The summary historical consolidated financial data and the information
under the heading "Capitalization" included in the Registration Statement and
the Prospectus are presented on a basis consistent with that of the audited
financial statements included or incorporated by reference in the Registration
Statement and the Prospectus.
(e) No Material Adverse Change. Except as otherwise disclosed
in the Registration Statement and the Prospectus, subsequent to the respective
dates as of which information is given in the Registration Statement and the
Prospectus: (i) there has been no material adverse change, or any development
that could reasonably be expected to result in a material adverse change, in the
condition, financial or otherwise, or in the earnings, business, operations or
prospects, whether or not arising from transactions in the ordinary course of
business, of the Company and its subsidiaries, considered as one entity (any
such change is called a "MATERIAL ADVERSE CHANGE"); (ii) the Company and its
subsidiaries, considered as one entity, have not incurred any material liability
or obligation, indirect, direct or contingent, not in the ordinary course of
business nor entered into any material transaction or agreement not in the
ordinary course of business; and (iii) there has been no dividend or
distribution of any kind declared, paid or made by the Company or, except for
dividends paid to the Company or other subsidiaries, any of its subsidiaries on
any class of capital stock or repurchase or redemption by the Company or any of
its subsidiaries of any class of capital stock.
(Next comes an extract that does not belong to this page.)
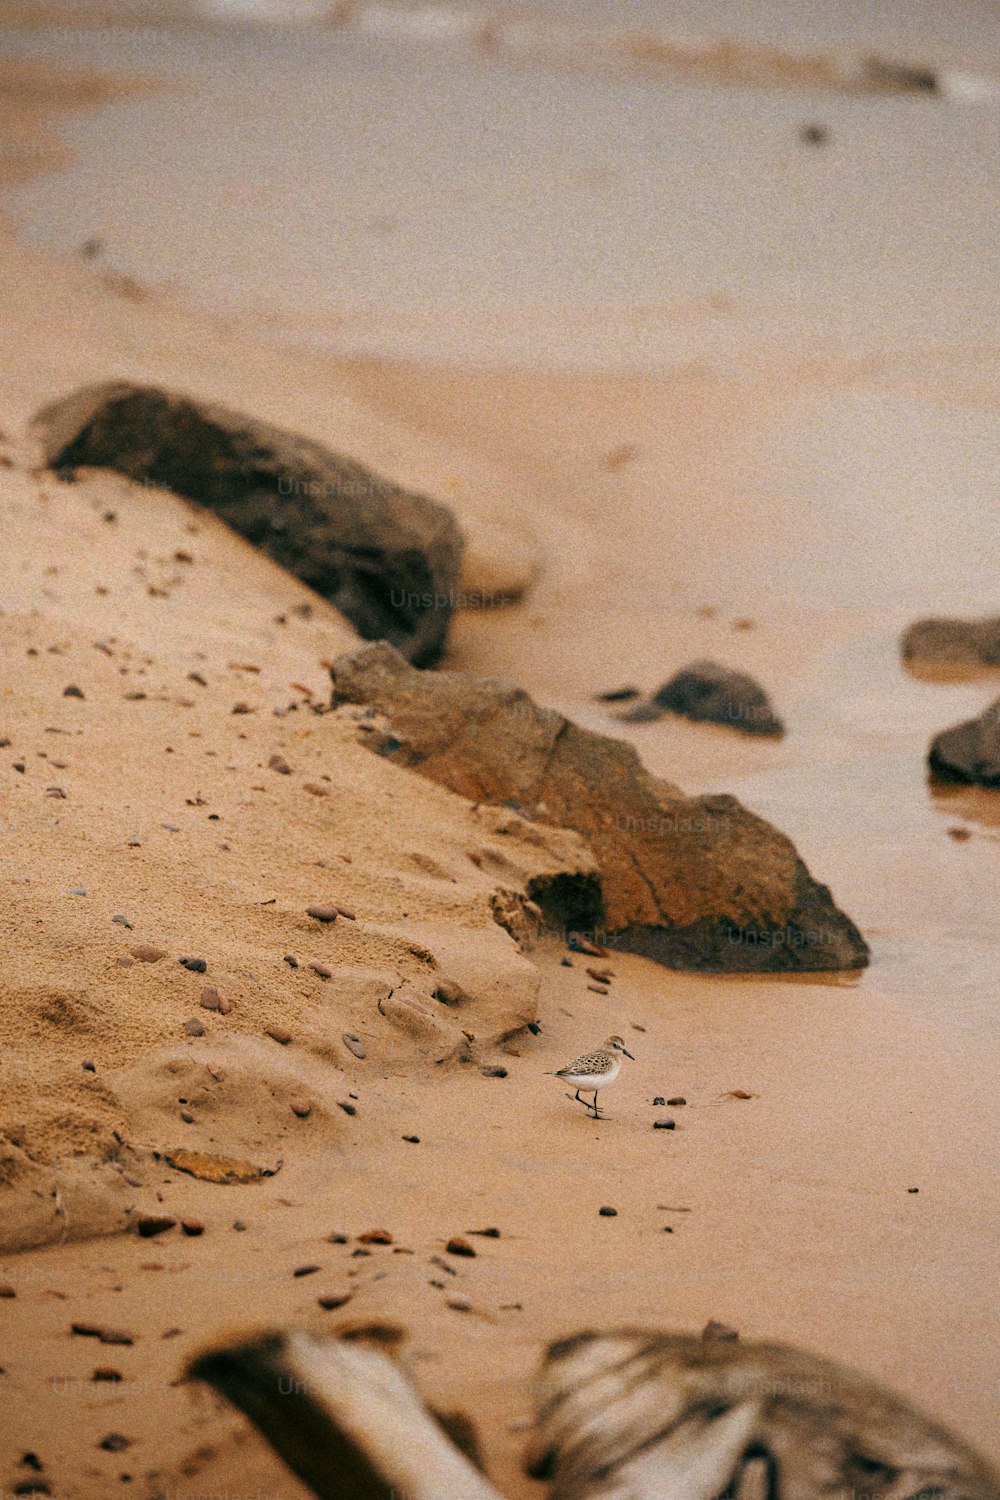 a bird standing on a sandy beach next to a body of water

(f) Organization and Good Standing. Each of the Company and
its subsidiaries has been duly incorporated or organized and is validly existing
as a corporation, limited liability company, limited partnership or general
partnership and is in good standing under the laws of the jurisdiction of its
incorporation or organization and has corporate or other power and authority to
own, lease and operate its properties and to conduct its business as described
in the Registration Statement and the Prospectus and, in the case of the
Company, to enter into and perform its obligations, as the case may be, under
this Agreement.
Each of the Company and its subsidiaries is duly qualified to transact
business as a foreign corporation, limited liability company or partnership, as
applicable, and is in good standing in each jurisdiction in which such
qualification is required, whether by reason of the ownership or leasing of
property or the conduct of business, except for such jurisdictions where the
failure to so qualify or to be in good standing would not, individually or in
the aggregate, result in a Material Adverse Change. All of the issued and
outstanding capital stock or partnership or other ownership interests of each
subsidiary of the Company has been duly authorized and validly issued, is fully
paid and nonassessable and is owned by the Company directly or through
subsidiaries, free and clear of any security interest, mortgage, pledge, lien,
encumbrance or claim except as set forth in the Registration Statement and the
Prospectus or on Schedule III hereto. The Company does not own or control,
directly or indirectly, any corporation, association or other entity other than
the subsidiaries listed on Schedule III hereto.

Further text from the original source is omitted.